◆ Task objective
Word for word, transcribe the listing that follows, minus any pictures.

◆ Information shown

Start of Block

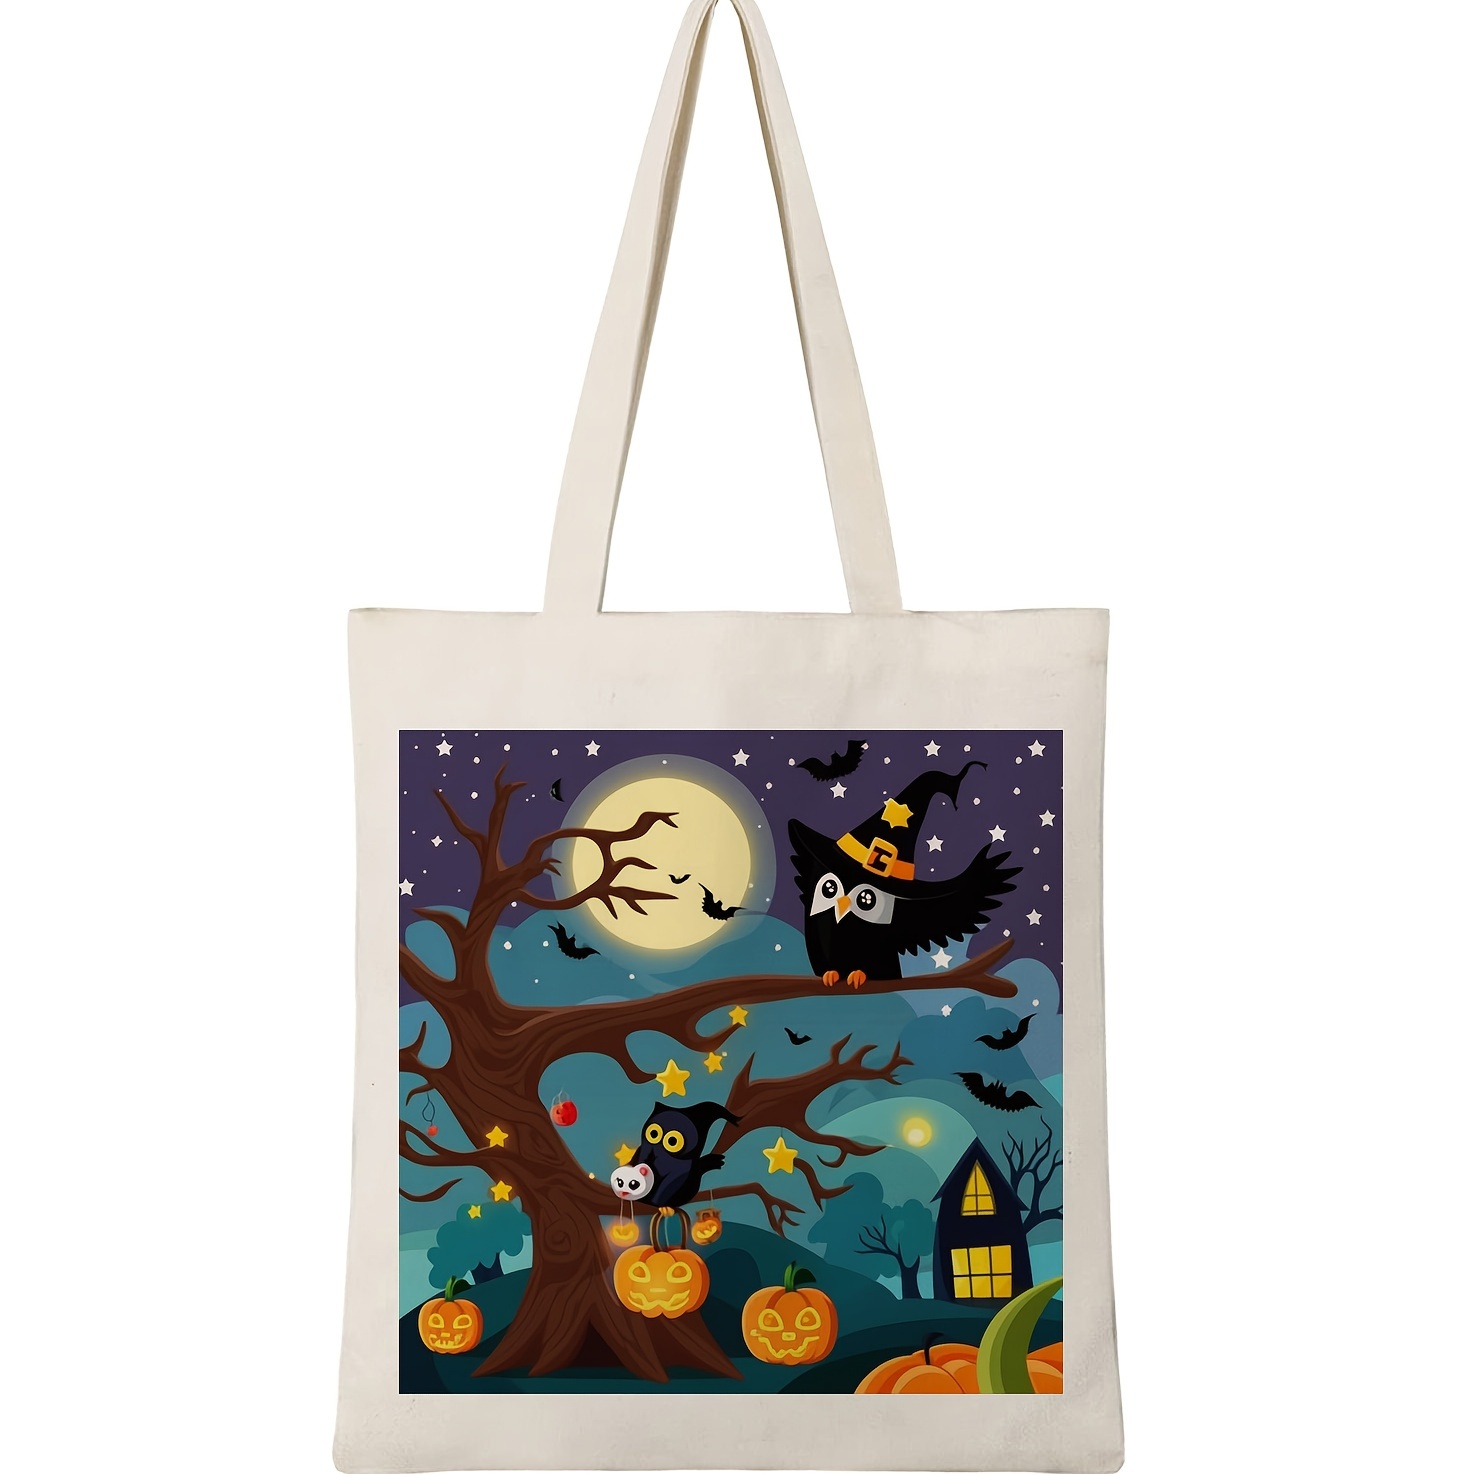 1pc Cartoon Halloween Printed Canvas Shopping Bag
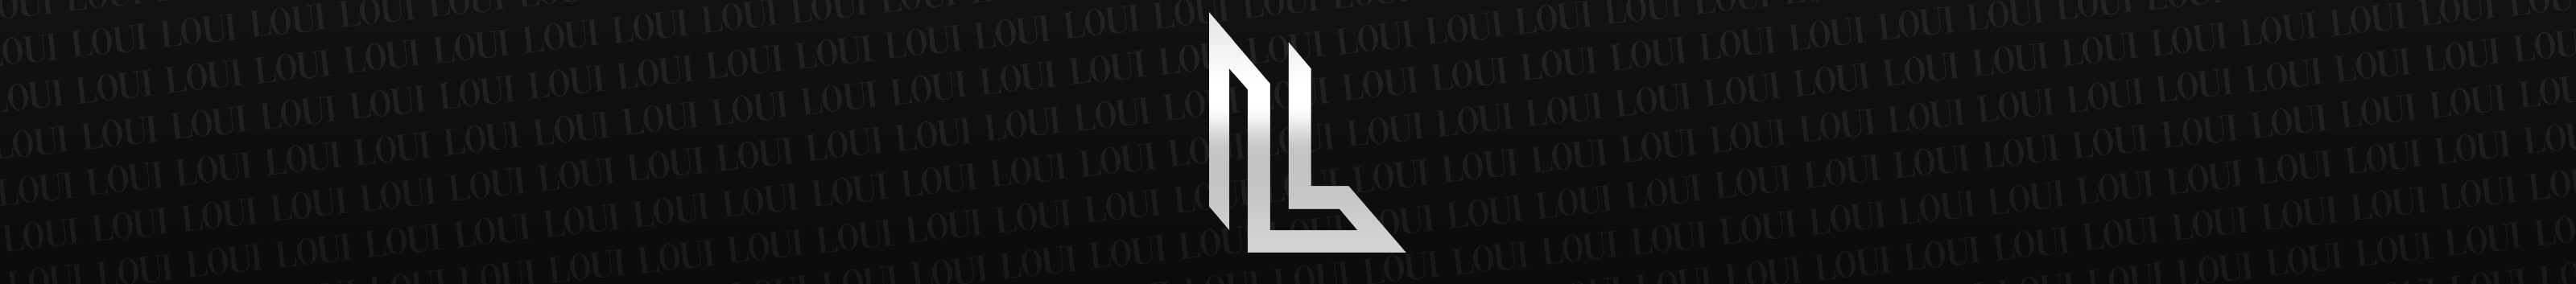 Loui .'s profile banner
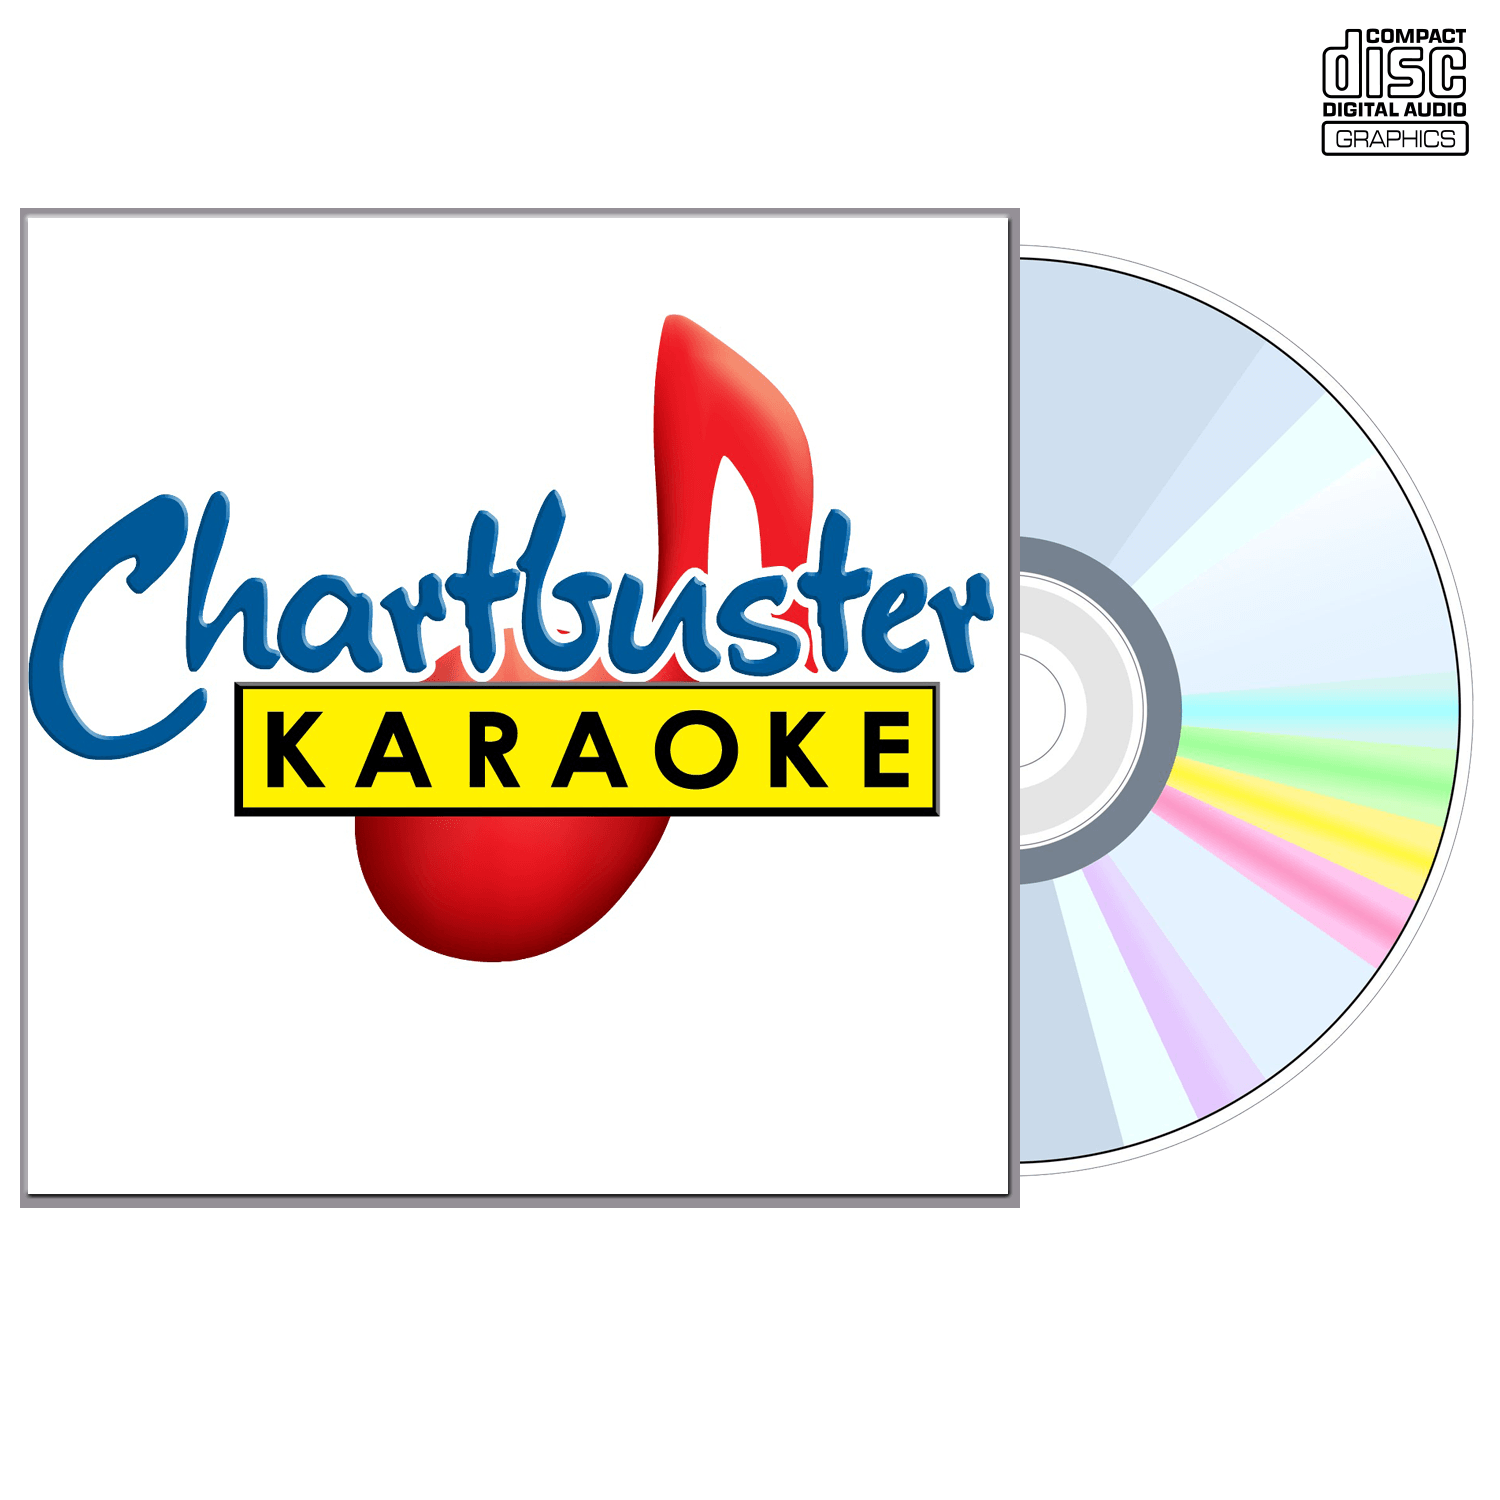 Zac Brown - CD+G - Chartbuster Karaoke - Karaoke Home Entertainment

End of Block

◆ Solution to this task
 1pc Cartoon Halloween Printed Canvas Shopping Bag
 Loui .'s profile banner
 Zac Brown - CD+G - Chartbuster Karaoke - Karaoke Home Entertainment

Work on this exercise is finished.